The government is purchasing a 22.5% stake back from David Neeleman, the Brazilian-American businessman who has founded five airlines, including JetBlue and Azul. Humberto Pedrosa, a Portuguese businessman who founded Atlantic Gateway to buy a stake in TAP in 2015 with Neeleman, still owns 22.5% of the airline, the airline’s employees hold 5%.
The Portuguese government will not run TAP but will instead seek “qualified, experienced and competent aviation managers” to run the company.
Portuguese Infrastructure minister Nuno Santos said that “the alternative [to buying a stake] was insolvency” since “the loss of TAP would go far beyond the effort that we will have to make to maintain it,” per FlightGlobal.

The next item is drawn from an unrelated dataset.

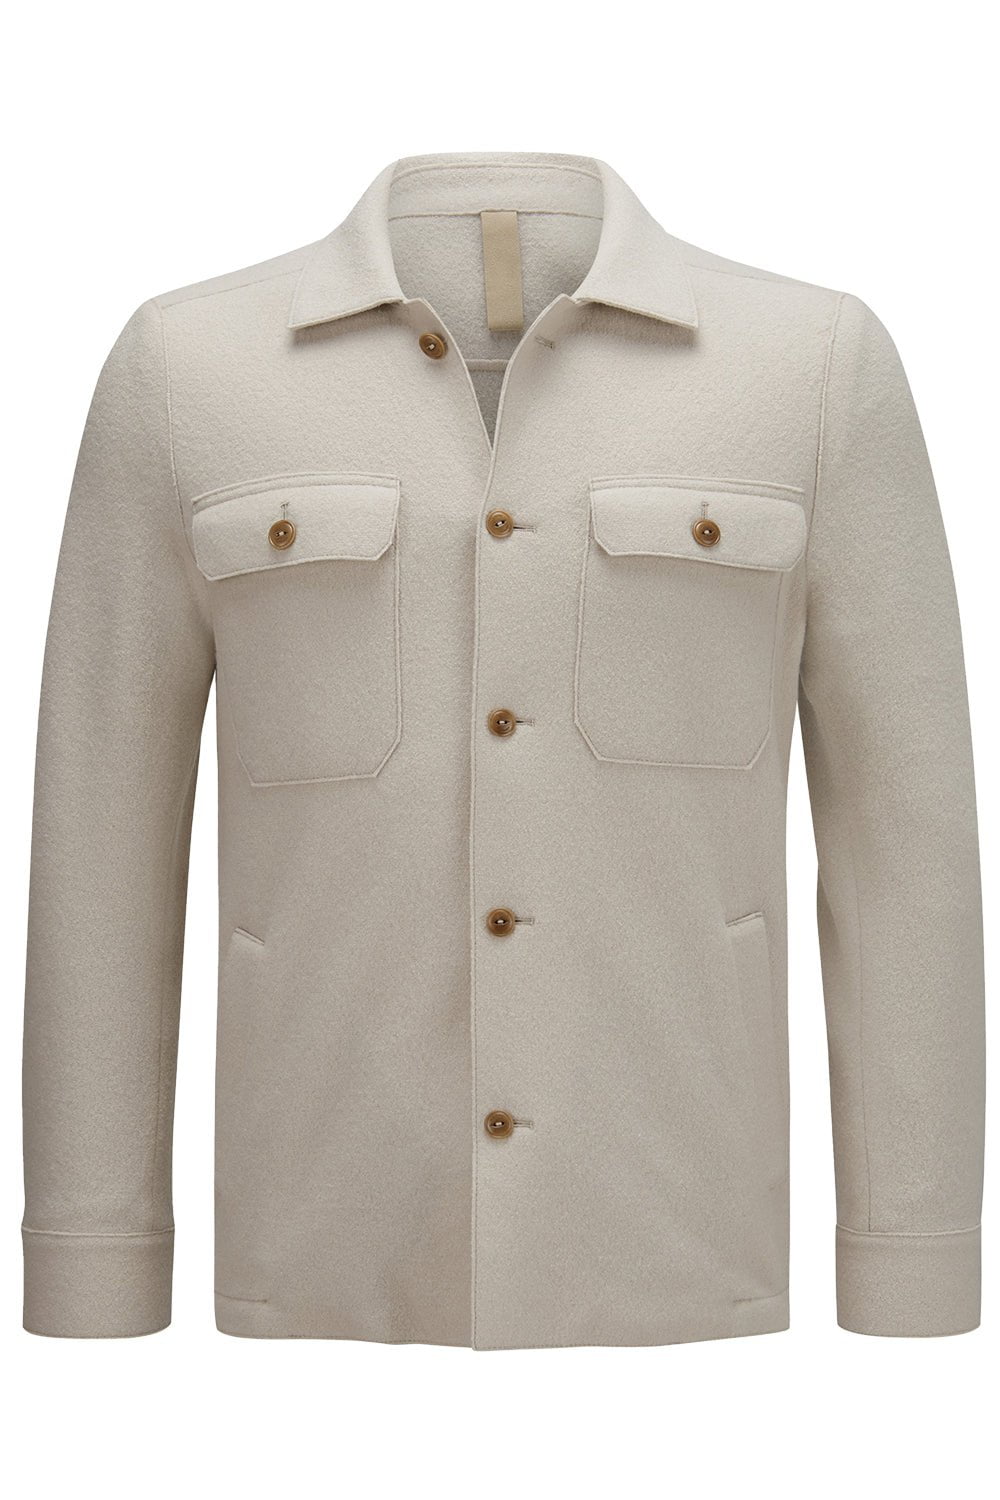 ELEVENTY-Four Pocket Shirt Jacket - Sand-

The purchase will also pave the way for a €1.2 billion state rescue loan for TAP, which was approved by the European Commission in June but has yet to be approved by the airline’s board. Since the government now has a majority vote in the airline, they can vote to accept the loan without contest.
“This €1.2 billion Portuguese rescue aid will help TAP Air Portugal face its liquidity needs and pave the way for its restructuring to ensure its long-term viability,” European Union Competition Chief Margrethe Vestager said when the bailout was first offered. “With the progressive lifting of travel restrictions and the upcoming touristic season, it also indirectly benefits the Portuguese tourism sector and economy as a whole. We continue working closely with Member States to find solutions to support companies in these difficult times in line with EU rules.”
“The state now takes 72.5% of the capital of the TAP group, ensuring control of the company,” states Portuguese finance minister Joao Leao. “In this way, it is possible to unblock the loan to TAP and avoid the bankruptcy of an essential company for the country.”
“[TAP Air Portugal] is too important for our country to let it fail,” Santos said, noting the impact the airline has on tourism, per ch-aviation. “It would be a disaster if we lost TAP.”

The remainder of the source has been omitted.